For a good many years, it was assumed feed efficiency was positively related to feed consumption. The animal that consumed the most, in relation to its body weight, gained more and did it on less feed/lb. of gain.

The theory was that the more an animal ate, the more that was left for production, after taking care of body maintenance. Also, there was thought to be little difference in efficiency of utilizing feed above maintenance.

In recent years, those theories have been challenged with the concept of residual feed intake (RFI). RFI is the difference between actual feed intake and what would be expected based on the animal's body weight and growth rate over a specified period.

Positive RFI animals eat more than expected in relation to their weight and gain, so they are less efficient.

Researchers from the University of Alberta-Edmonton, and the Lancombe Research Center in Alberta, recently reported on relationships between RFI and other factors. High, medium, and low RFI steers were selected from a group of 306 that had just completed a feedlot test. The average body weight for the RFI groups were 495.6 kg for high RFI; 529.1 kg for medium RFI; and 501.2 kg for low RFI.

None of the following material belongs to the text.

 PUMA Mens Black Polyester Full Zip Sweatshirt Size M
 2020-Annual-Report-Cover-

The selected steers were then used in digestibility and calorimetry trials, using corn- or barley-based concentrate diet in years 1 and 2, respectively. During the trial, researchers found feed intake was not significantly different among the three RFI levels.

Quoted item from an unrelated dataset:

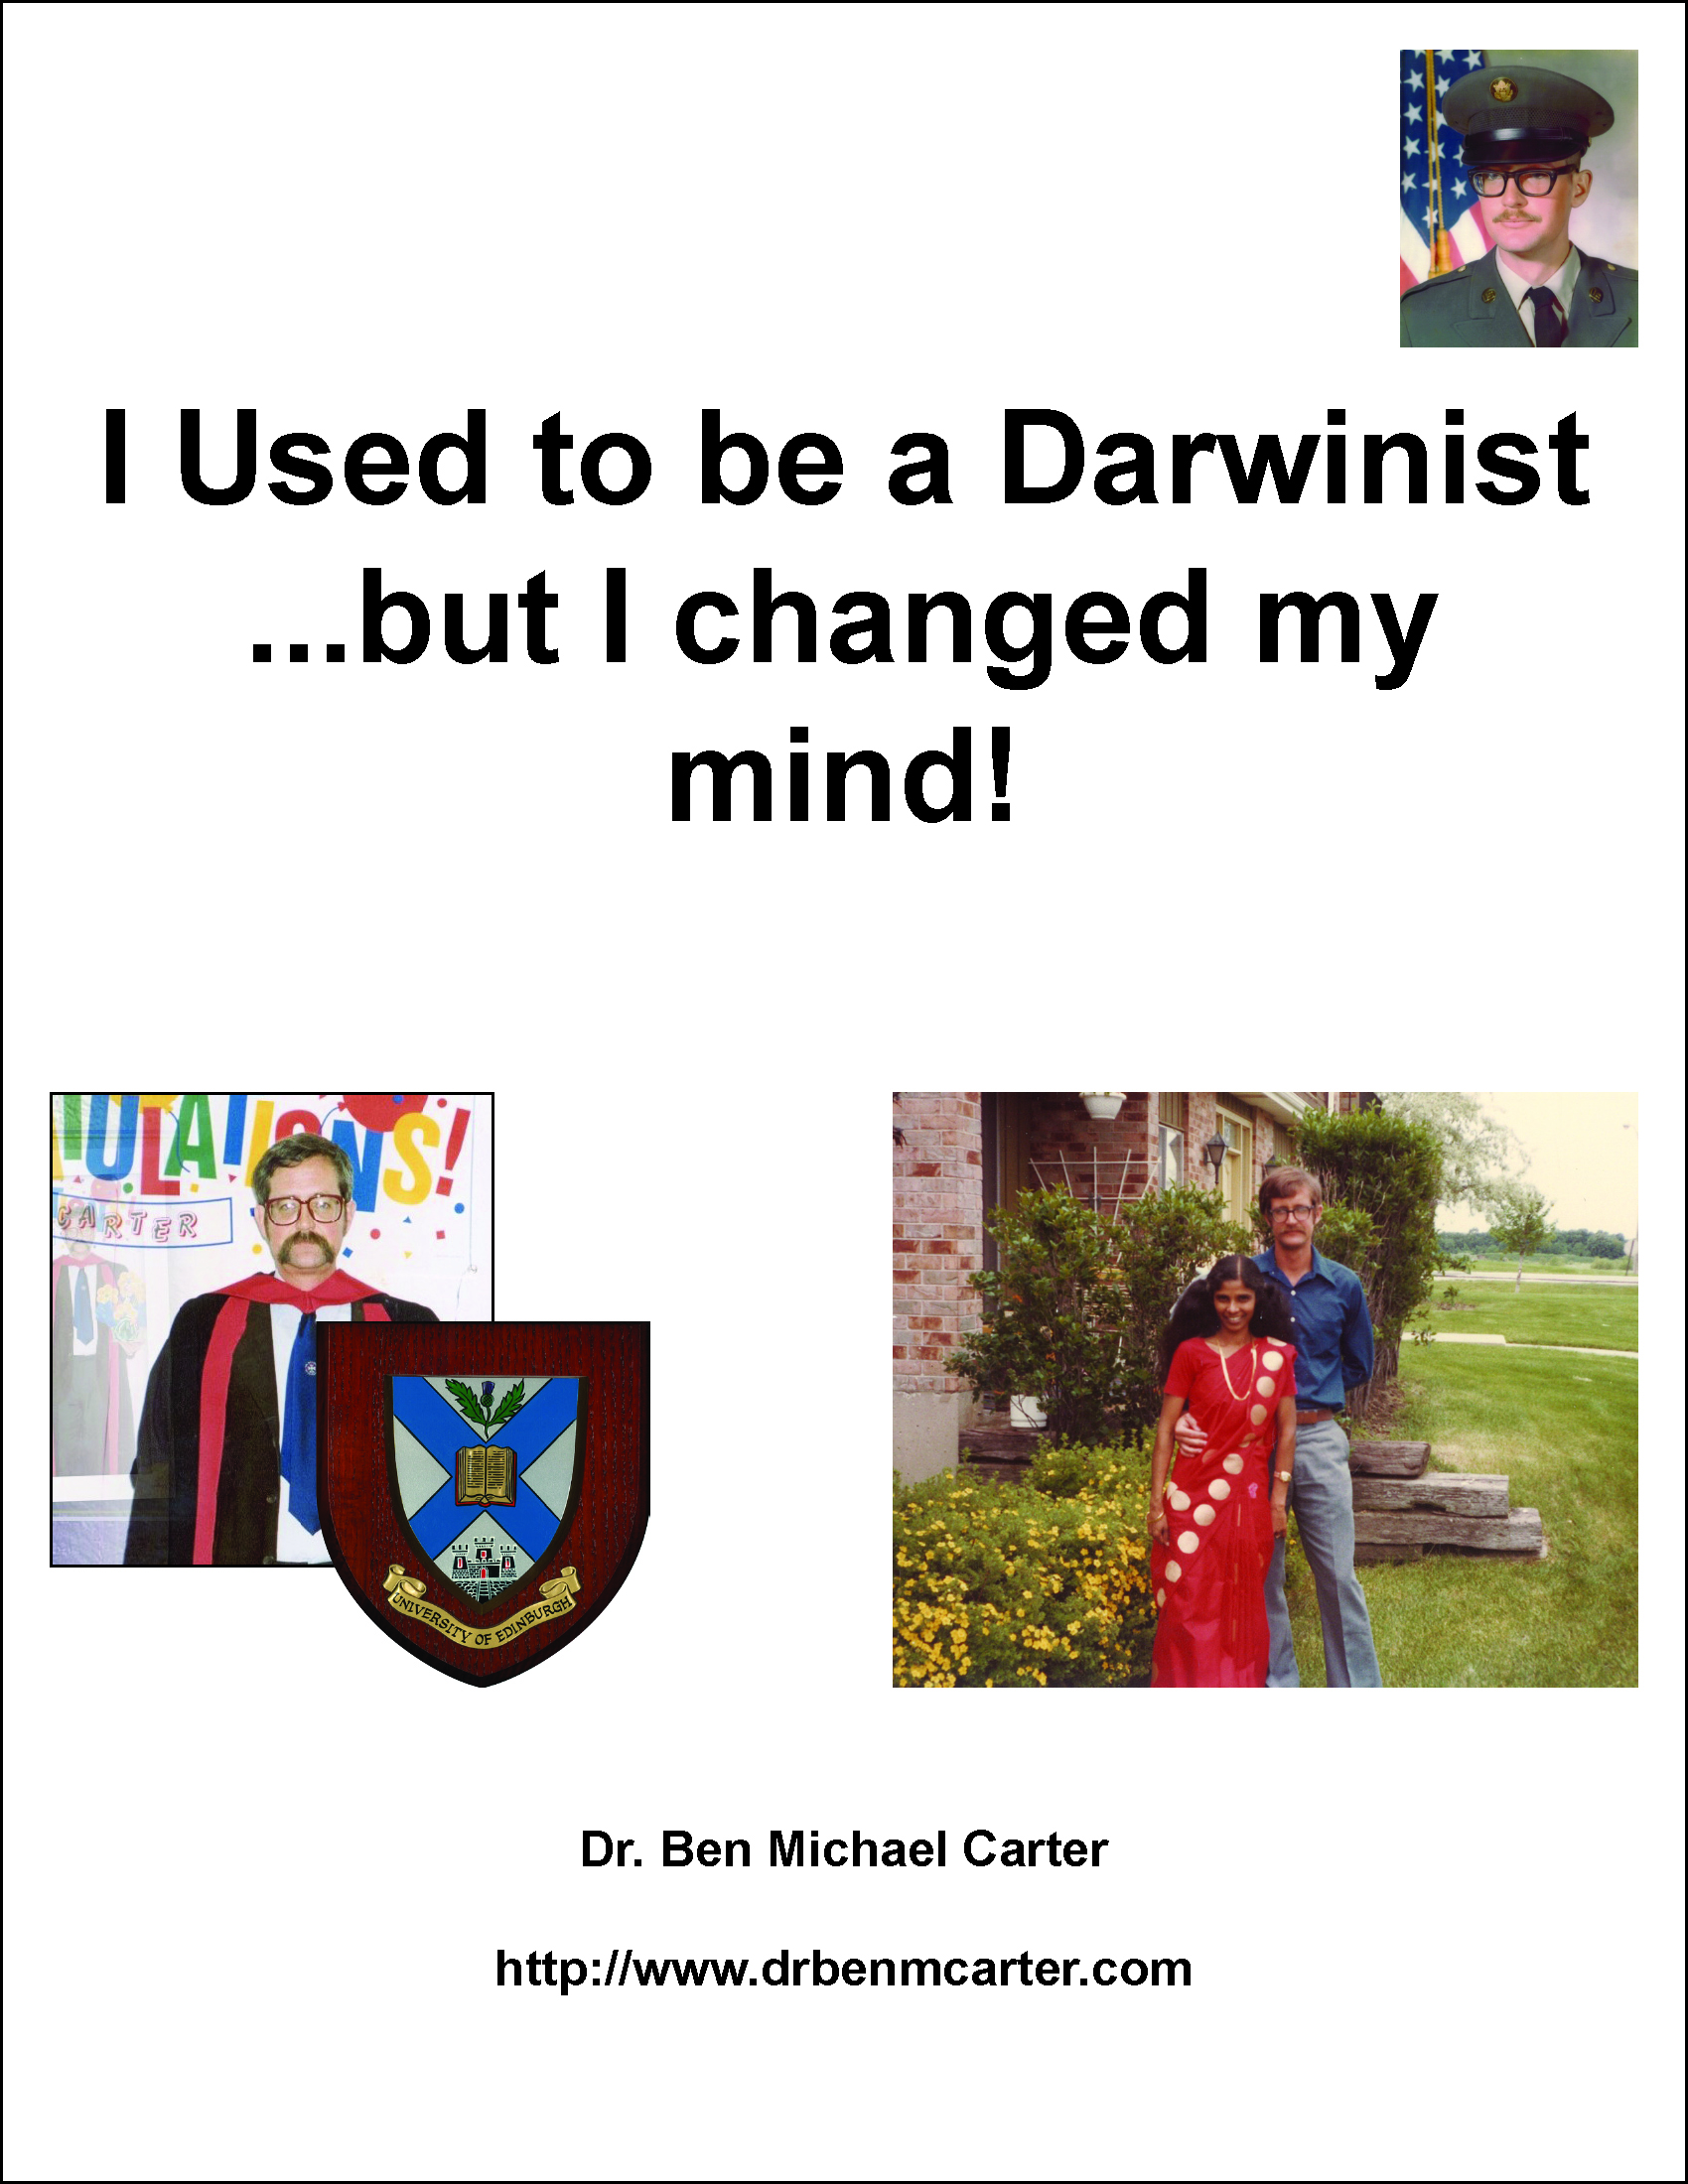 I was a Darwinist

Residual feed intake was correlated with daily methane production and energy lost as methane. Also, the low RFI steers produced significantly less methane — 28 and 24% — compared to the medium or high RFI steers, respectively. Interestingly, low RFI steers made significantly fewer trips to the feed bunk and spent less time eating than medium RFI steers, which made significantly fewer trips and spent less time than high RFI steers.

Residual feed intake tended to be associated with the digestibility of dry matter (DM) and crude protein (CP). Researchers found that digestibility of DM and of CP was significantly greater for the low RFI steers compared to the high RFI steers.

They concluded these results have practical implications for the selection of animals who eat less at a similar BW and growth rate (J.D. Nkrumah, et al. J. Animal Sci. 2006. 84:145-153).